# New little girl



## TiffofMo (Jan 10, 2011)

Took Cooper to Ok today and traded him for Gypsy a little Nigerien ??? Not sure if she full or mixed. Shes got wattles and a cute little belt going around her. Im guessing the easiest way to name her color is black and white Swiss mark doe i think lol. :clap: she is a cutie 
Her the pics on my FB page
http://www.facebook.com/pages/Joy-Bell- ... 3876610131


----------



## freedomstarfarm (Mar 25, 2011)

Cute, Congrats!


----------



## toth boer goats (Jul 20, 2008)

Aww...too cute...... :thumb:


----------



## RMADairyGoats (Jun 20, 2011)

Congrats!
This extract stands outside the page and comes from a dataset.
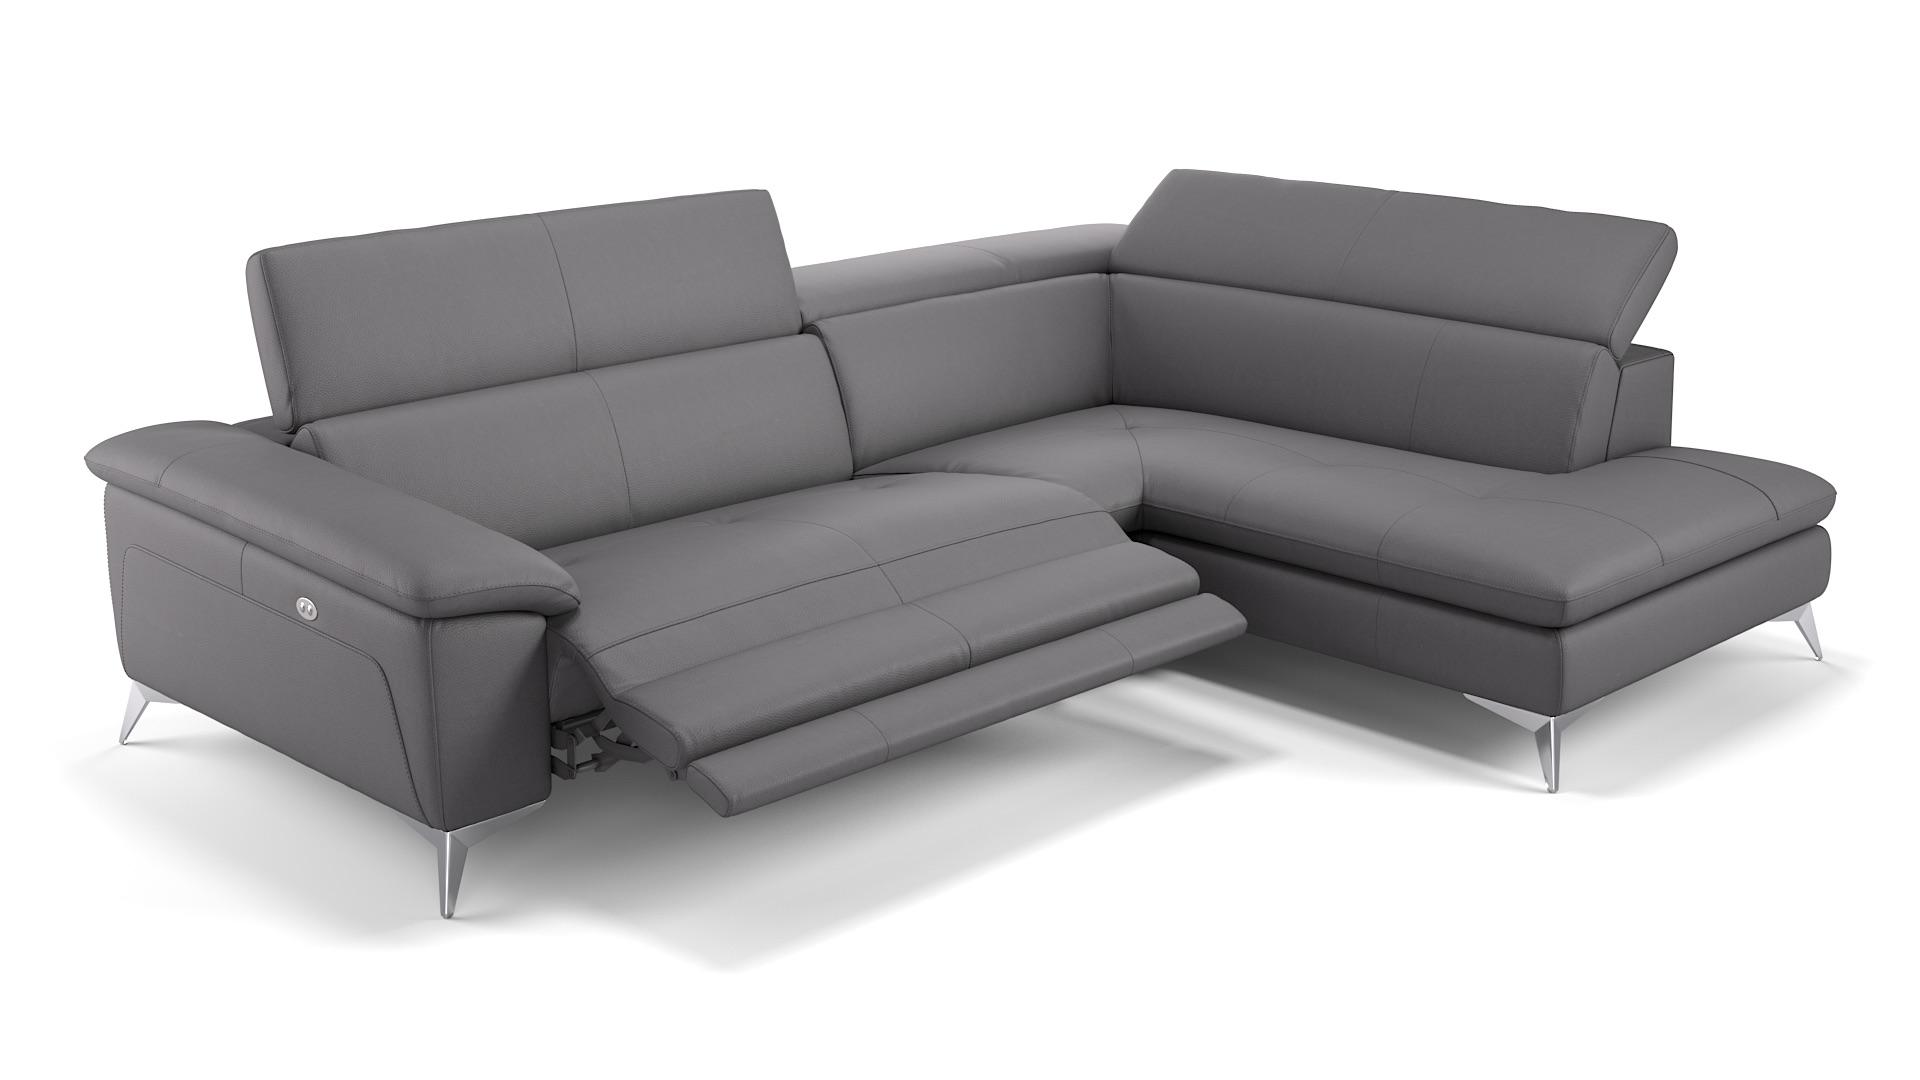 Full Size of Sofa Leder Stella Echtleder Ecksofa Design Couch In Sofanella Schlafsofa Liegefläche 160x200 Angebote Le Corbusier Halbrund Neu Beziehen Lassen 3 Sitzer Sofa Sofa Leder

She's cute


----------



## ksalvagno (Oct 6, 2009)

Very cute! Congrats!


----------



## silvergramma (Nov 9, 2009)

could you please post it in here ,, cant get facebook on public library.. they have it and myspace blocked ..I hate that..


----------



## TiffofMo (Jan 10, 2011)

Sorry I download all my pics to my Facebook page most of the time and forget there are some people that don't have a account. here is some pics of her. And i swear her head does not look like that in person. Kindof looks likes its to big for her lol.


----------



## DavyHollow (Jul 14, 2011)

Haha, the head looks endearing in the pictures   
So pretty! I like her name too.
Congrats!    :stars:


----------



## silvergramma (Nov 9, 2009)

she is so precious,, beautiful markings... love new additions


----------